The only way I could keep on track was to walk with a compass in my hand, constantly looking down at it. I found that if I put it away for a few minutes, I invariably went off track, always to my right. Even after I noticed this and tried to compensate, I still did it.

Navigating the storm

I ended up walking about 18 miles without a stop. Not for rest, not for food, and oddly enough, not even for water. My skin must be porous; although I drank nothing, I peed out what seemed like gallons of clear urine. My pack was weighed down with liters of water that I would never drink.

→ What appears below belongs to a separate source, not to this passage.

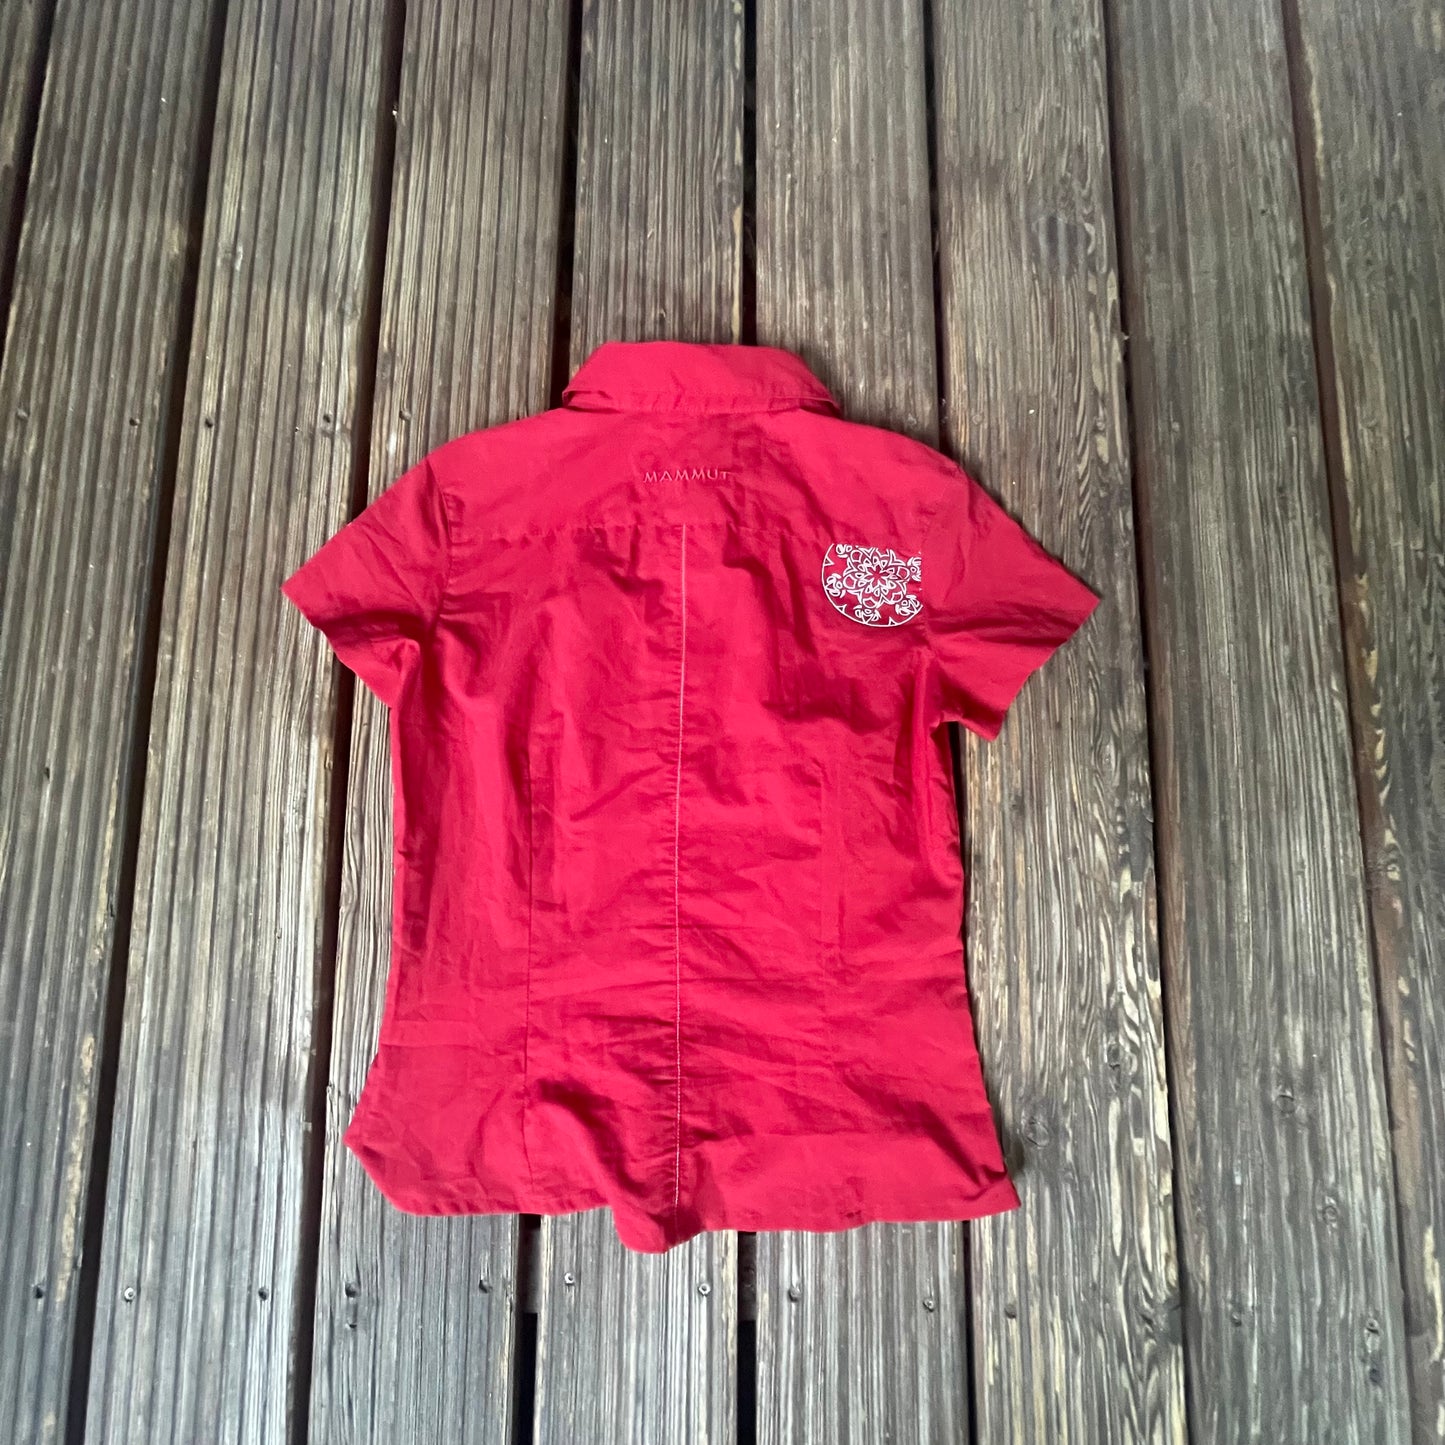 Kurzarm- Hemd von Mammut (XS Damen) rot
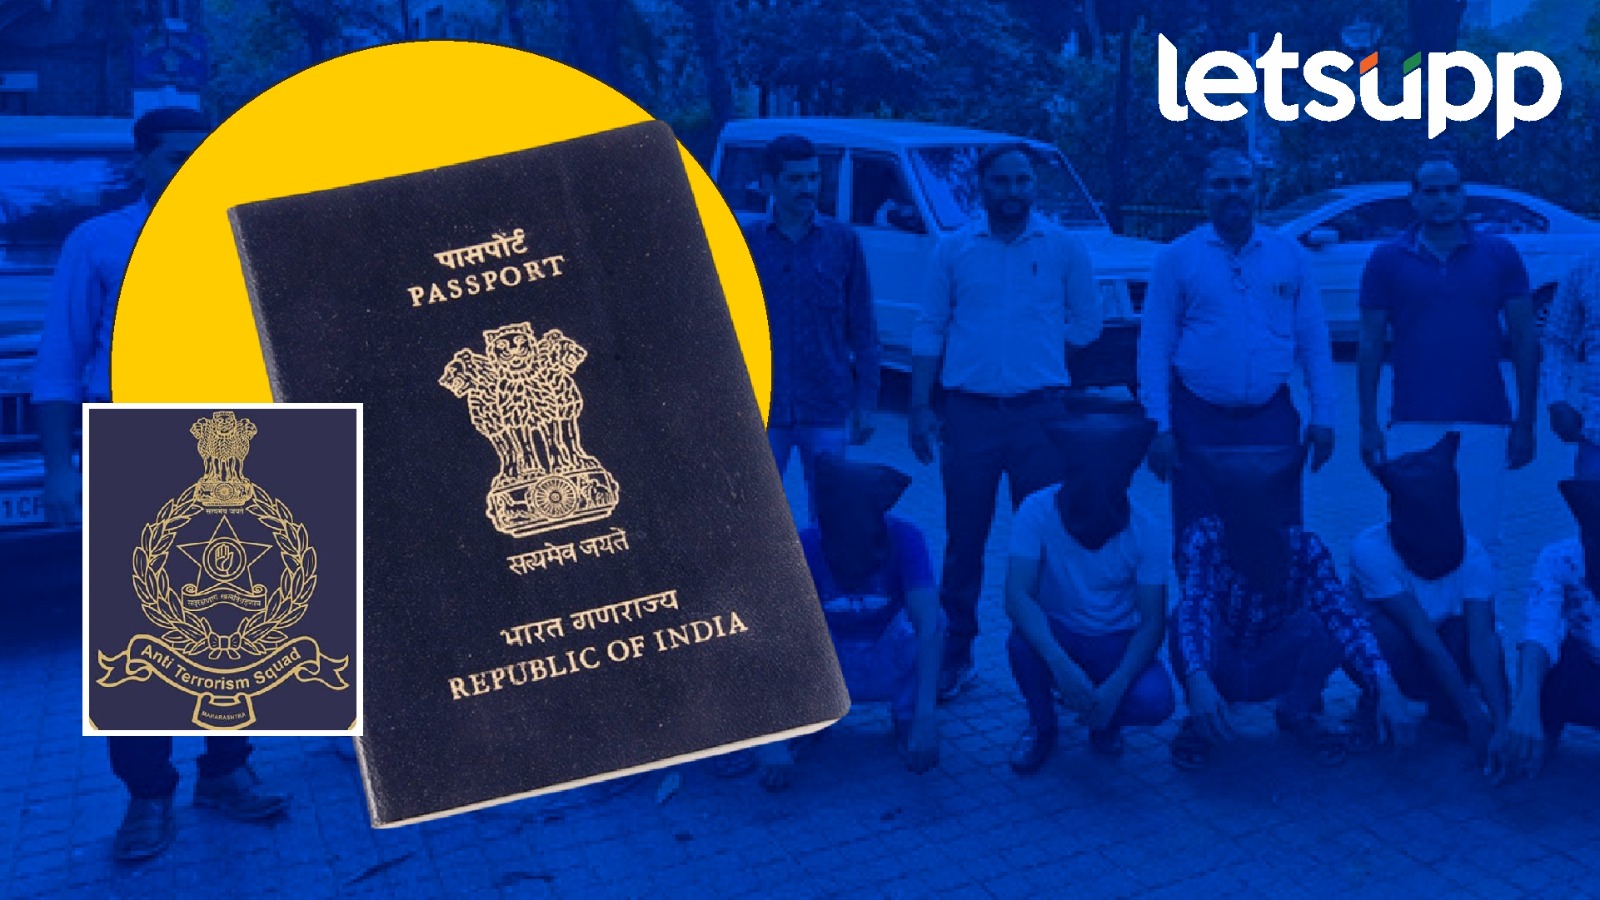 धक्कादायक ! लोकसभेला बनावट पासपोर्टने मतदान; मुंबईत एटीएसकडून चार बांगलादेशी अटकेत

In the late afternoon I realized, somewhat to my surprise, that the wash was opening up and coming to its end. I could hear thunder ahead. I could see a bench up out of the wash to my right. Time to stop and put up my tarp.

It was still raining, but I was already soaked so that didn’t matter. The wind was a bigger problem. It took me nearly half an hour to get the tarp pitched and stabilized so I could–finally–crawl inside and be out of the storm. My long johns were still dry. My whisky was still clean. Life was beginning to look good again.

I warmed up soon enough. The sky seemed to lighten a bit. I peeked outside, and there it was. I had held on through the rain and gotten my rainbow.